TL;DR:
- TDK unveils InvenSense SmartEdgeML, a pioneering machine learning tool for a 6-axis IMU.
- SmartEdgeML empowers developers to add machine learning models to wearables, hearables, AR glasses, IoT, etc.
- It operates at the IMU sensor chip level and consumes less than 30 µA of power.
- The launch took place at CES 2024 in Las Vegas.
- The innovation reduces raw data processing, enhancing device battery life, data privacy, and system latency.
- TDK also introduces the InvenSense SmartBug 2.0, aiding users in evaluating the SmartEdgeML ecosystem.
- Three core components: SIF (sensor inference framework), ICM-45686-S IMU, and MD-45686-ML multi-sensor wireless module.
- The ICM-45686-S IMU offers premium temperature stability and vibration rejection.
- Ideal for applications like AR glasses, VR, OIS, drones, TWS, and robotics.
Main AI News:
TDK has unveiled a groundbreaking machine learning development tool, known as the InvenSense SmartEdgeML, tailored for a revolutionary 6-axis inertial measurement unit (IMU) device and module. This innovative tool empowers developers to seamlessly integrate decision tree machine learning models into a wide array of products, including wearables, hearables, AR glasses, and IoT devices, all at the IMU sensor chip level. Notably, it stands out as the first solution capable of generating and executing machine learning models within the compact confines of a 2.5 x 3mm 6-axis motion sensor IMU, all while consuming less than 30 µA of power.
This groundbreaking ML development tool, alongside the new IMU sensor and module, has been officially unveiled on the grand stage of CES 2024 in Las Vegas. As Sahil Choudhary, Director of Motion Sensors and Software at InvenSense, aptly puts it, “TDK’s SmartEdgeML is a paradigm shift in edge machine learning, as it will allow developers, ODMs, and OEMs to implement ML-optimized motion sensor algorithms on an IMU sensor chip. This reduces the amount of raw data going to edge processors, which significantly improves device battery life, data privacy, and system latency.”
TDK has also introduced the InvenSense SmartBug 2.0 (MD-45686-ML), a versatile multi-sensor wireless module that includes the InvenSense ICM-45686-S IMU. This module serves as an ideal evaluation platform, enabling users to initiate their journey with the InvenSense Sensor Inference Framework (SIF) and the ICM-45686-S IMU. While the SIF is readily available for download, the MD-45686-ML and ICM-45686-S are set to hit distributors’ shelves by February 1, 2024.
The SmartEdgeML ecosystem comprises three essential components, seamlessly integrated for a holistic experience:
- Sensor Inference Framework (SIF): This software component serves as a comprehensive hub, offering users a one-stop solution for collecting IMU sensor data, selecting customized features, building ML models, testing ML performance, deploying, and executing those models on the ICM-45686-S IMU via the SmartBug 2.0. Tested applications encompass algorithms like exercise classification (such as squats, jumping jacks, lateral raises, or push-ups) and wrist gesture classification (including fight, turn, shake, or still).

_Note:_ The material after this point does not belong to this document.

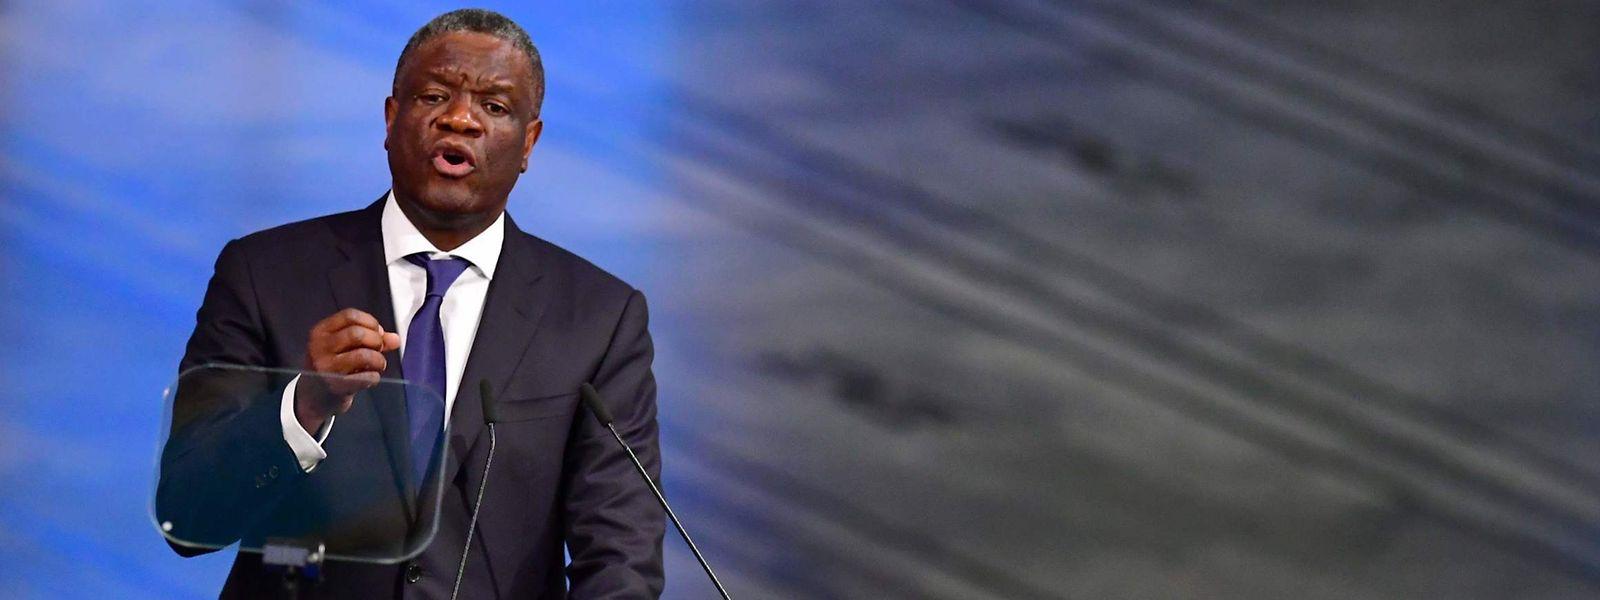 Denis Mukwege lors de la remise du prix Nobel de la paix 2018 à Oslo.

- ICM-45686-S IMU: The hardware component of this ecosystem, this diminutive 2.5 x 3mm IMU from the TDK BalancedGyro family, boasts the remarkable capability to run ML decision tree models on-chip, all while maintaining a power consumption of under 30 µA. Its exceptional temperature stability and vibration rejection make it the ideal choice for applications spanning AR glasses, VR, OIS, drones, TWS, and robotics, where the demand for high-performance and ultra-low power machine learning algorithms is paramount.

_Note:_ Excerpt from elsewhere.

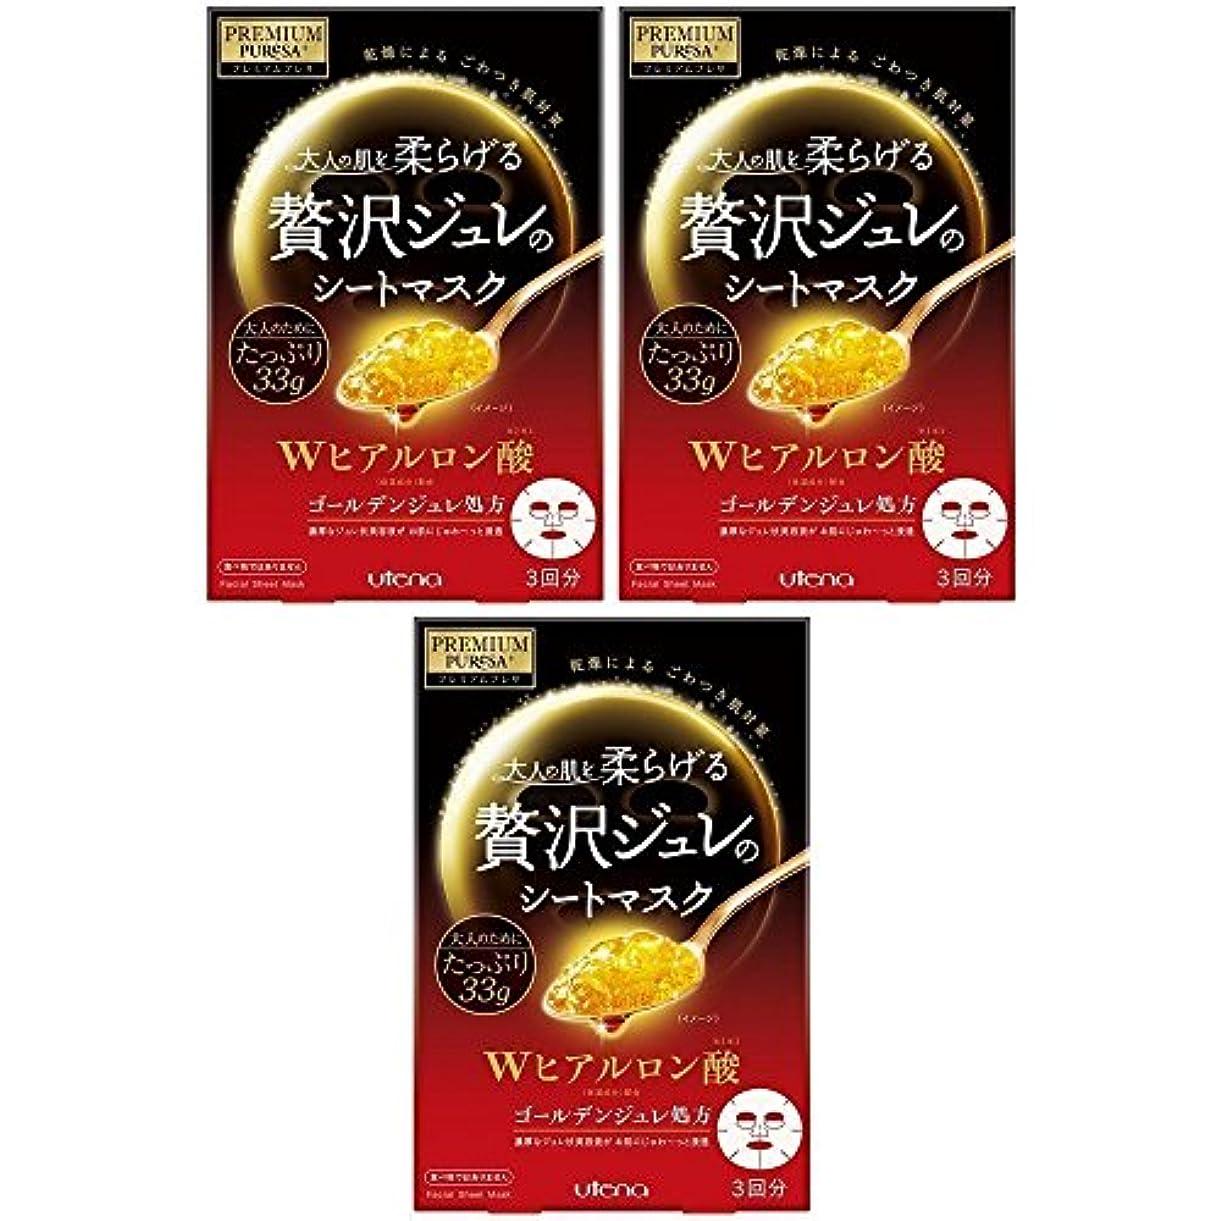 【セット品】PREMIUM PUReSA(プレミアムプレサ) ゴールデンジュレマスク ヒアルロン酸 33g×3枚入 (3個)

- MD-45686-ML: This all-inclusive multi-sensor wireless module includes the ICM-45686-S 6-axis motion sensor and is fully compatible with the SIF. Its compact form factor and versatile BLE + USB interface, embodied in the SmartBug 2.0, facilitate a rapid transition from data collection to ML model development, ultimately culminating in seamless deployment on the ICM-45686-S IMU. For those embarking on the SmartEdgeML journey, this device stands as the quintessential choice, expediting the path to innovation.
Conclusion:
TDK’s SmartEdgeML, along with the 6-axis IMU technology, represents a transformative leap in edge machine learning. It not only empowers developers but also enhances device performance, privacy, and power efficiency. This innovation is poised to reshape the market, particularly in wearable tech, AR, IoT, and beyond, by opening new possibilities for seamless integration of machine learning in compact devices.